Jerry Zaslove (1934 – 2021)

“Jerry Zaslove (left), one of SFU’s original English profs and an active voice in Vancouver’s cultural affairs, has died. He wrote about contemporary visual art, literature and critical theory.” FULL STORY

Cecil Paul 1931 – 2020

December 17th, 2020

Also known by his Xenaksiala name, Wa’xaid, Cecil Paul (right) was one of the last fluent speakers of his people’s language. He was born on November 28, 1931 in the Kitlope and raised on fishing, hunting, trapping and gathering. At the age of ten he was torn from his family and placed in a residential school run by the United Church of Canada at Port Alberni, on Vancouver Island.

For years, Cecil suffered from the pain of the abuse inflicted there. After three decades of prolonged alcohol abuse, he finally returned to the Kitlope and the positive influence of his people’s knowledge and ways. Once Paul’s healing journey began, he eventually became an outspoken leader against the industrialization of his people’s land and traditional territory, working tirelessly to protect the Kitlope, the largest intact temperate rainforest watershed in the world. Paul is credited with spearheading successful efforts to have 325,000 hectares (800,000 acres) of coastal temperate rainforest declared off-limits to logging in 1994.

He co-authored two books with Briony Penn: Stories from the Magic Canoe of Wa’xaid (Rocky Mountain Books $30) and Following the Good River: The Life and Times of Wa’xaid (Rocky Mountain Books $38).

Cecil Paul and Briony Penn, May 25, 2015. Photo by Greg Shea.

“My name is Wa’xaid,” he says, “given to me by my people. ‘Wa’ is ‘the river’, ‘Xaid’ is ‘good’ – good river. Sometimes the river is not good. I am a Xenaksiala, I am from the Killer Whale Clan. I would like to walk with you in Xenaksiala lands. Where I will take you is the place of my birth. They call it the Kitlope. It is called Xesdu’waxw (Huschduwaschdu) for ‘blue, milky, glacial water’. Our destination is what I would like to talk about, and a boat—I call it my magic canoe. It is a magical canoe because there is room for everyone who wants to come into it to paddle together.
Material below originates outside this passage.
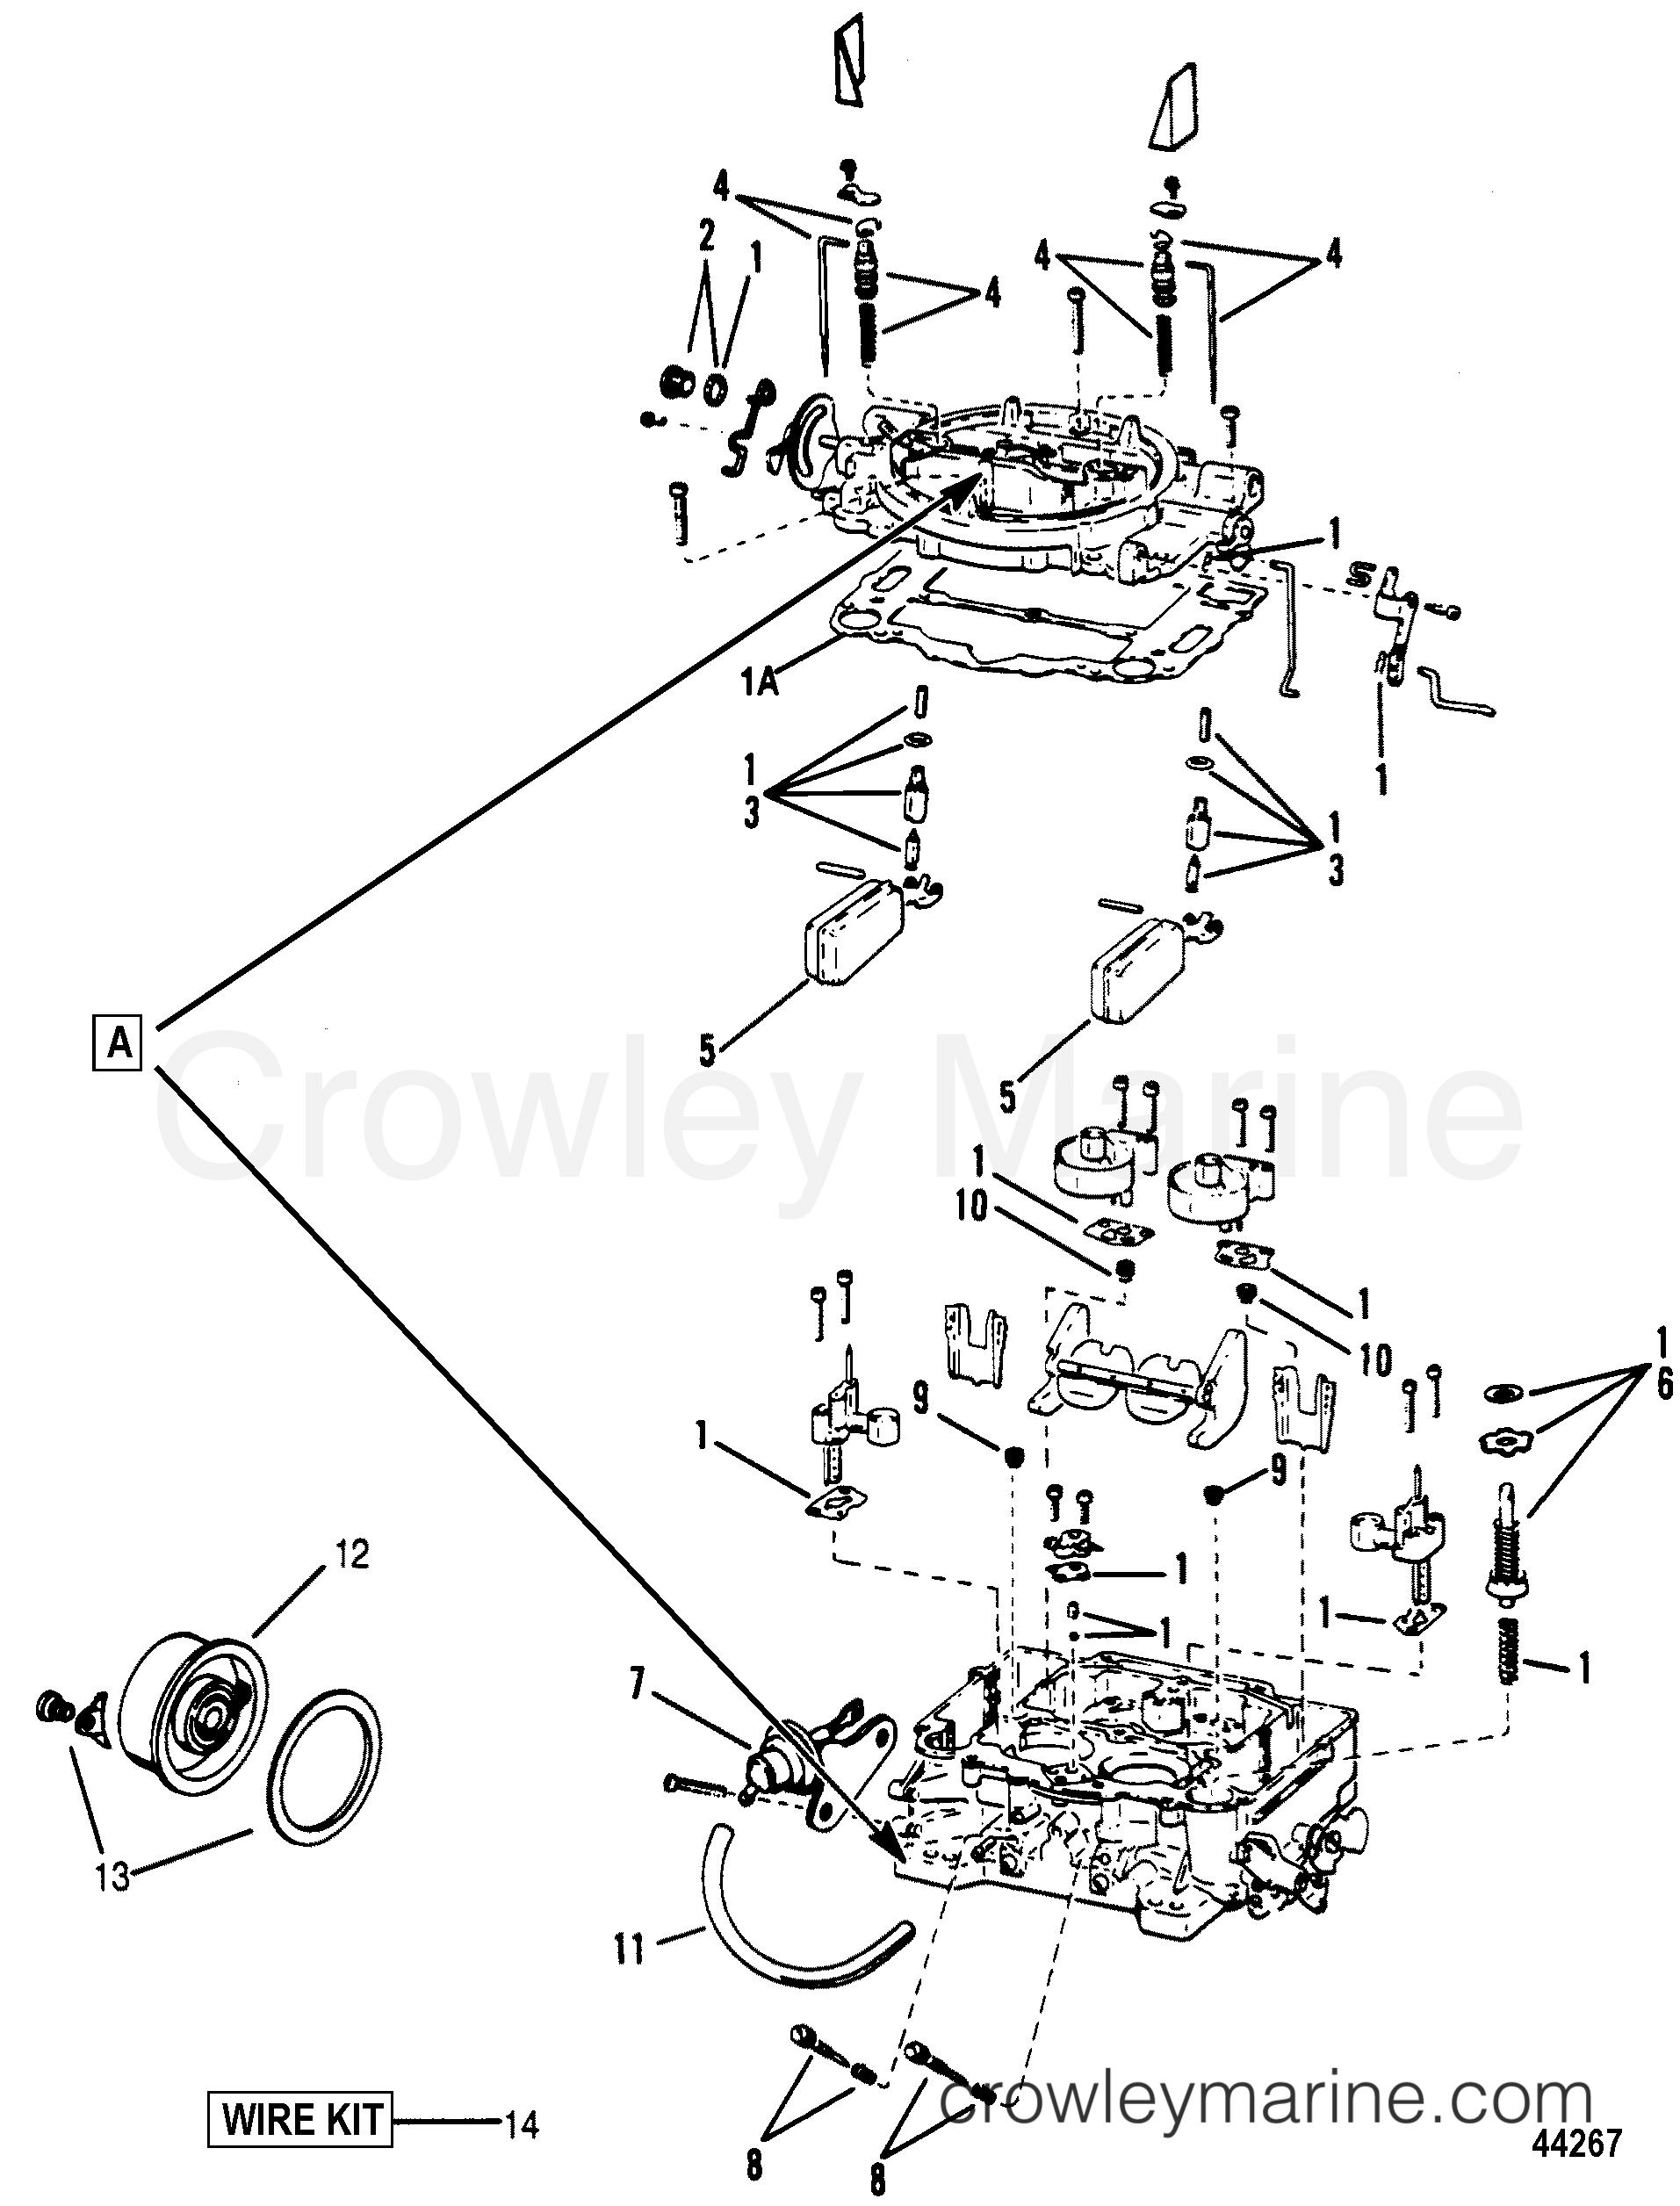 1993 Mercury Inboard Engine 7.4L [CARB] - 3743299FS CARBURETOR(WEBER) section

The currents against it are very strong but I believe we can reach that destination and this is the reason for our survival.”

In January, 2020, in Kitamaat, Cecil Paul became an honorary member in the College of Fellows of the Royal Canadian Geographic Society and received the Louie Kamookak Medal, named for an Inuit historian, for “having made Canada’s geography better known to Canadians and to the world.”

John Pollack, as governor of the RCGS read aloud a proclamation that praised Paul’s “extraordinary determination and his ability to build consensus that saved the Kitlope.”

The Rainforest Action Network named him a “hero of the planet” for his leadership in saving the Kitlope.

Cecil Paul died on December 3, 2020.